● **Exercise details**
Repeat the data in full. Drop every picture.
Information shown START
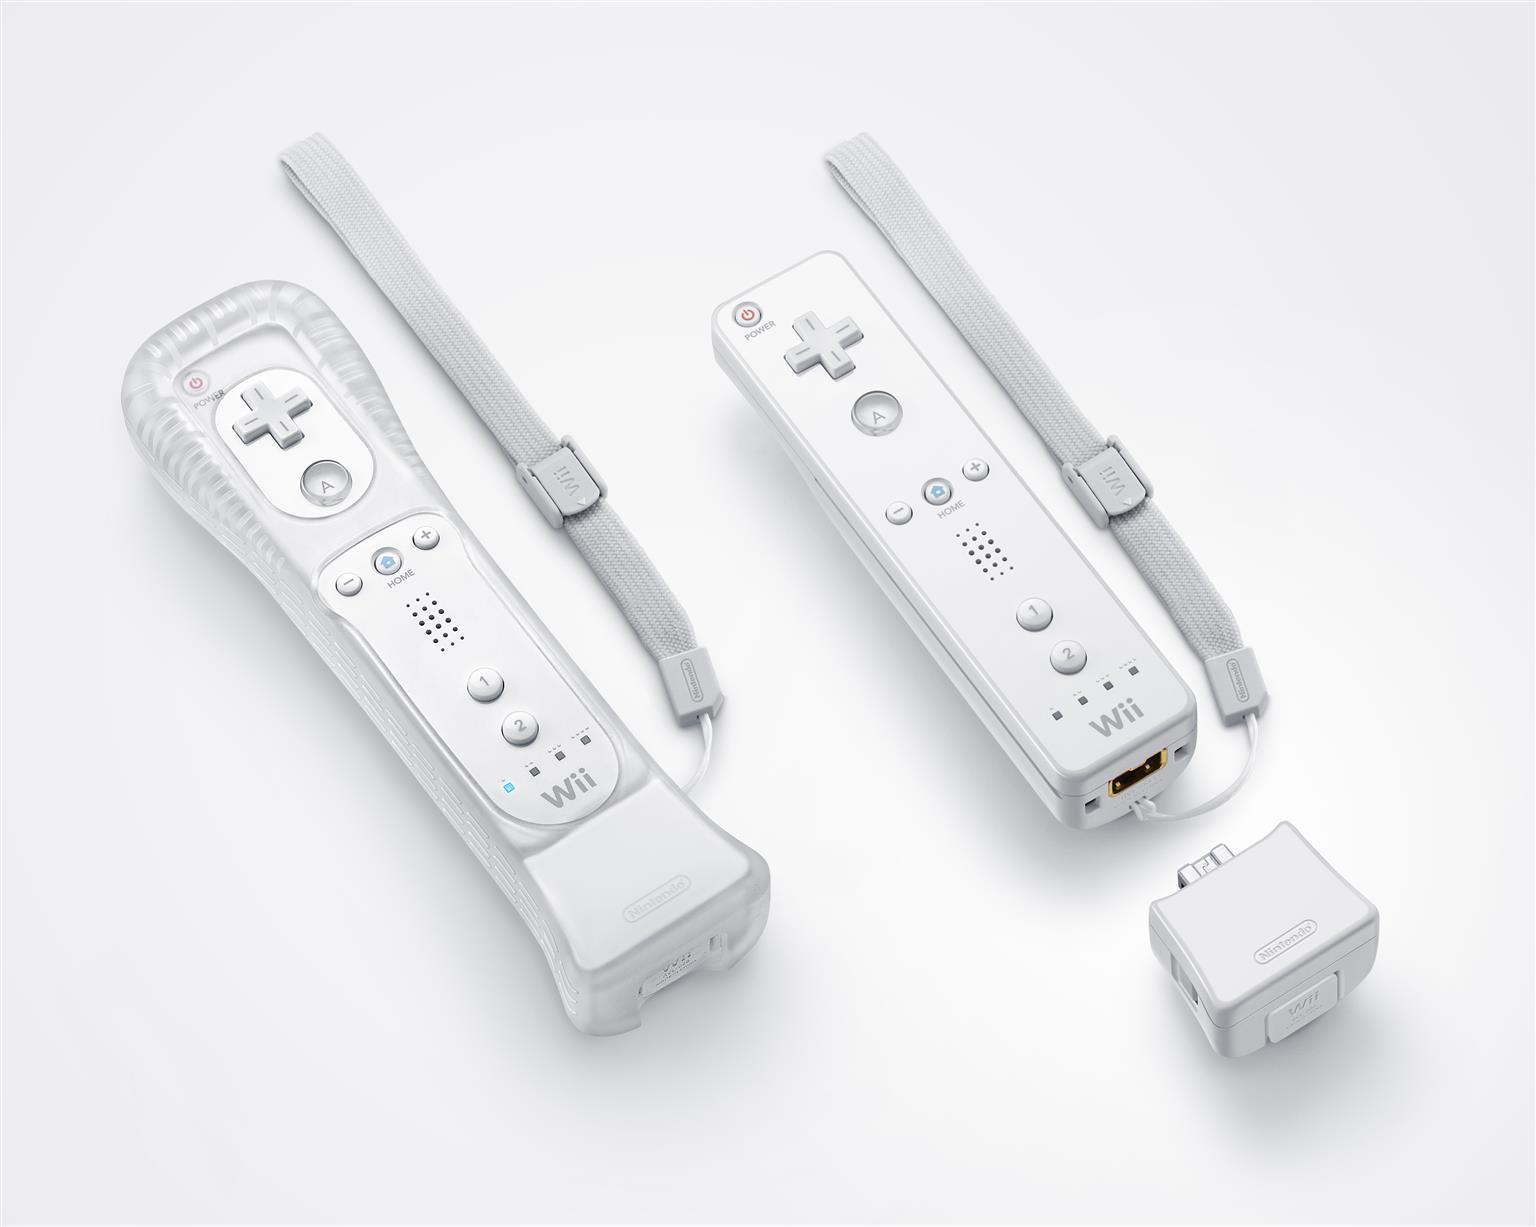 Nintendo Wii Console Bundle (incl. 2x Wii Remotes, 2x Nunchucks, 2x MotionPlus & 12x Games)
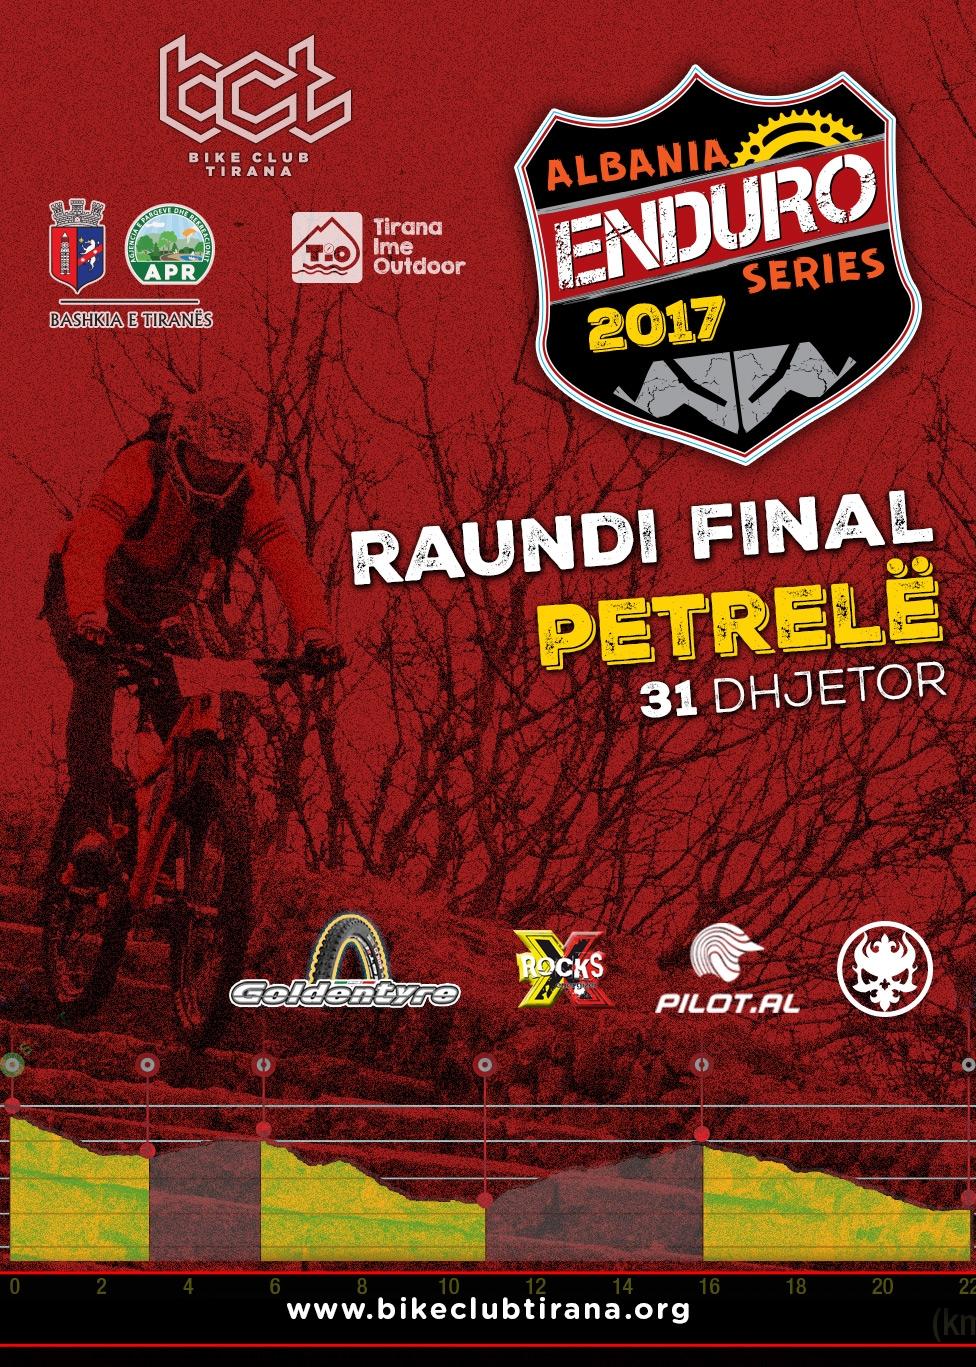 AlbaniaEnduroSeries 2017 Round V
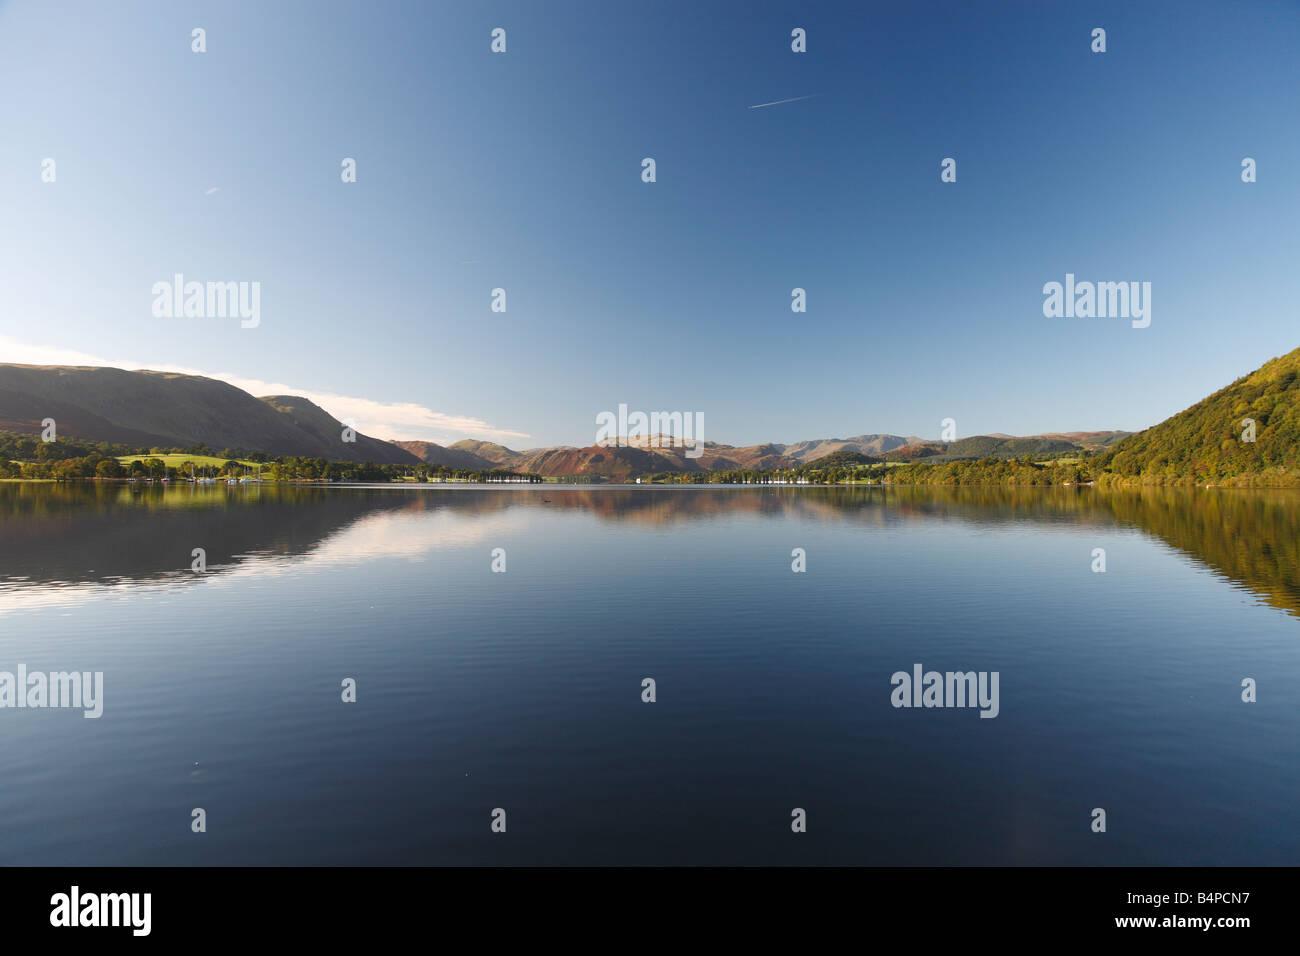 Lake scene with jetty, trees and hills. Pooley Bridge, The Lake District Cumbria, England, United Kingdom. - Stock Image
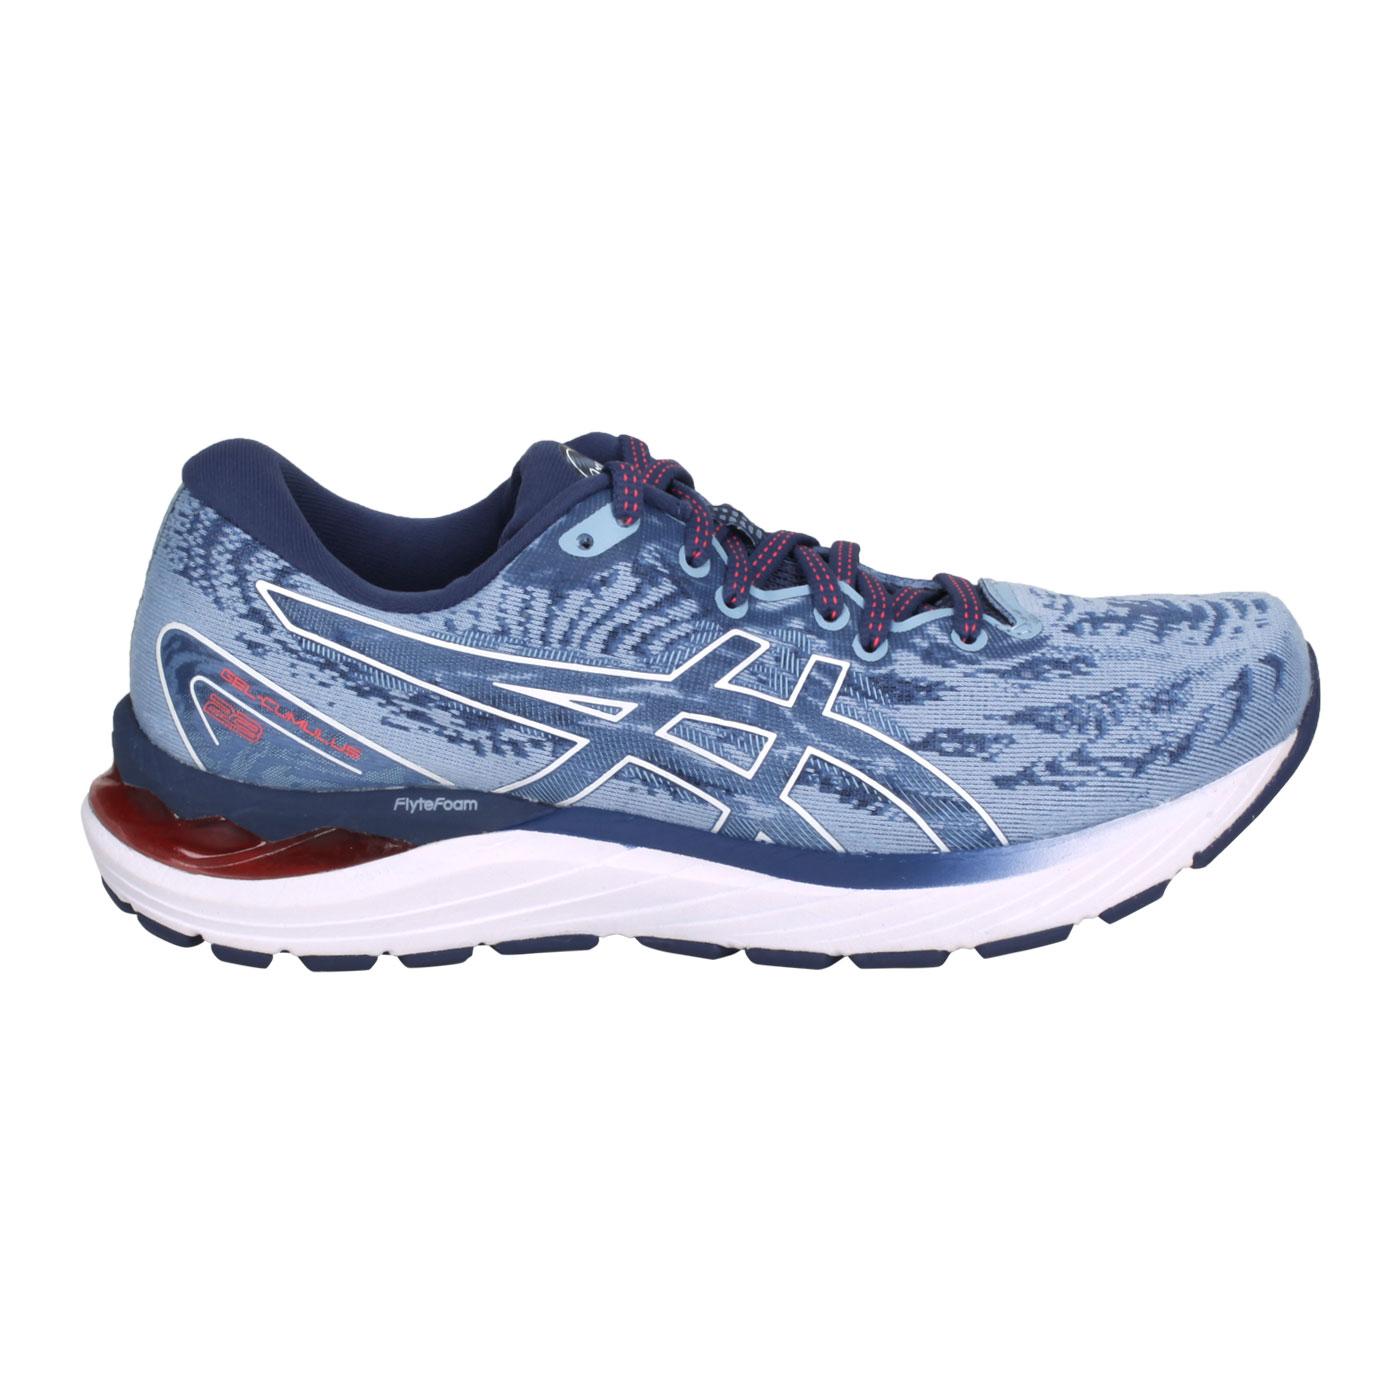 ASICS 女款慢跑鞋   @GEL-CUMULUS 23@1012A888-417
Information shown END
● **Result of this task**
 Nintendo Wii Console Bundle (incl. 2x Wii Remotes, 2x Nunchucks, 2x MotionPlus & 12x Games)
 AlbaniaEnduroSeries 2017 Round V
 Lake scene with jetty, trees and hills. Pooley Bridge, The Lake District Cumbria, England, United Kingdom. - Stock Image
 ASICS 女款慢跑鞋   @GEL-CUMULUS 23@1012A888-417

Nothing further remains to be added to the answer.